A Rationalist’s Ghost Story

What inspired you to write Holy Ghosts?

On a cold evening in March 2007, I went to my three-year-old son’s room to get him a pair of socks. His room was dark except for a small night-light that cast a puddle of light against the wall. As I was in the room, I had a strange feeling that I was being watched. I turned around and saw nothing out of the ordinary. I wrote it off as just my imagination, but after I grabbed the socks and I turned to walk downstairs I felt something, the intensity of which I had never felt before. The only way I can describe it is as if someone had an electric glove and was rubbing the length of my back. I couldn’t move, not because I was paralyzed but because it was so odd. It didn’t last long and I was quick to write it off as nothing, and I probably would have forgotten the incident entirely except the sensation began to happen on a regular basis. And it only happened while I was in the room alone. It never happened when my wife was with me or when my son was with me or if the three of us were in the room together.

That was the first indication that something strange was going on in our house. Now, I’d always considered myself a rationalist, but over the next twelve months a series of odd events would challenge the way I viewed the world. It was an extraordinary time. There were moments of fear, confusion, belief, disbelief, and awe. When the events seemed to come to a close, I felt like I wanted to tell people about it all because it was just so bizarre. So I did, mostly friends and colleagues, at first. Many people suggested I write a book about my experiences, but I wasn’t sure I wanted to do that for the simple reason that if you tell someone, especially a stranger, that you might have a ghost in your house, the probability of that person thinking you’re crazy is rather high.

As someone who had written about spirituality in the past, I was very conscious about how important it was for me, both as a person and a writer to talk about finding meaning in the small things of life. My focus has always been on day-to-day spirituality, if you will. Finding value in the mundane. Over time, though, I began to see that what my family and I had experienced over a twelve-month period, though extraordinary, was part of our day-to-day life and had deep meaning; not only for us personally, but universally as well. The more I shared my experiences with the people around me, the more and more people reached out to me to tell me of the strange encounter they’d had. And these were stories from perfectly sane, responsible, and reasonable people. All of them began the same way, “I don’t normally talk about these things, but you’re not going to believe what happened to me once…”

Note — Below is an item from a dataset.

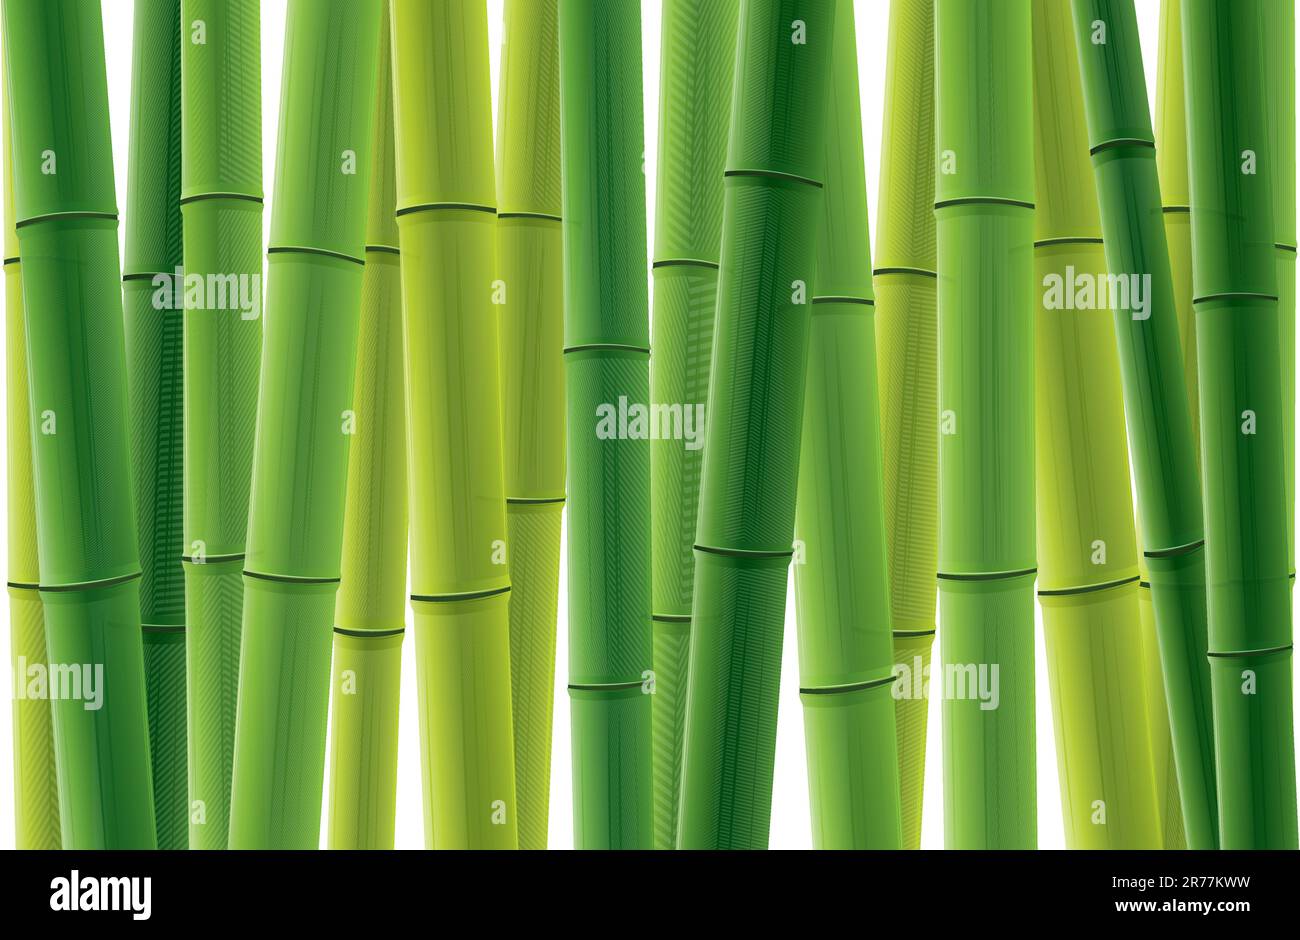 Fresh bamboo grove vector illustration.  Only applied in gradient. Stock Vector

What’s the most important take-home message for readers?

I think my experiences led me to a deeper appreciation of the living and the dead. None of us knows for sure what happens to us after we die, but there are living people around us, all around us, who feel things—joy and hurt, happiness and sorrow, compassion and frustration. They experience gain and loss. They have people who are born into their lives and people who die from their lives. I suppose I understood all these things on an intellectual level, but after the experiences in our home, these understandings moved out of my head and into my heart. It gave me a greater appreciation for the lives of those living and for the lives of those who have passed on. You know, one day I’m going to die and hopefully the people I know and love will remember me, but then they’ll pass on and their families and friends will pass on until I will become just an anonymous name in a cemetery somewhere. There’s something sad about that, the anonymity of the people who lived before us, but there’s something beautiful about it too, how life just keeps going. We can all sometimes forget about that. I know I have. I know I have taken people for granted, but I try to be a little more aware now of the life around me.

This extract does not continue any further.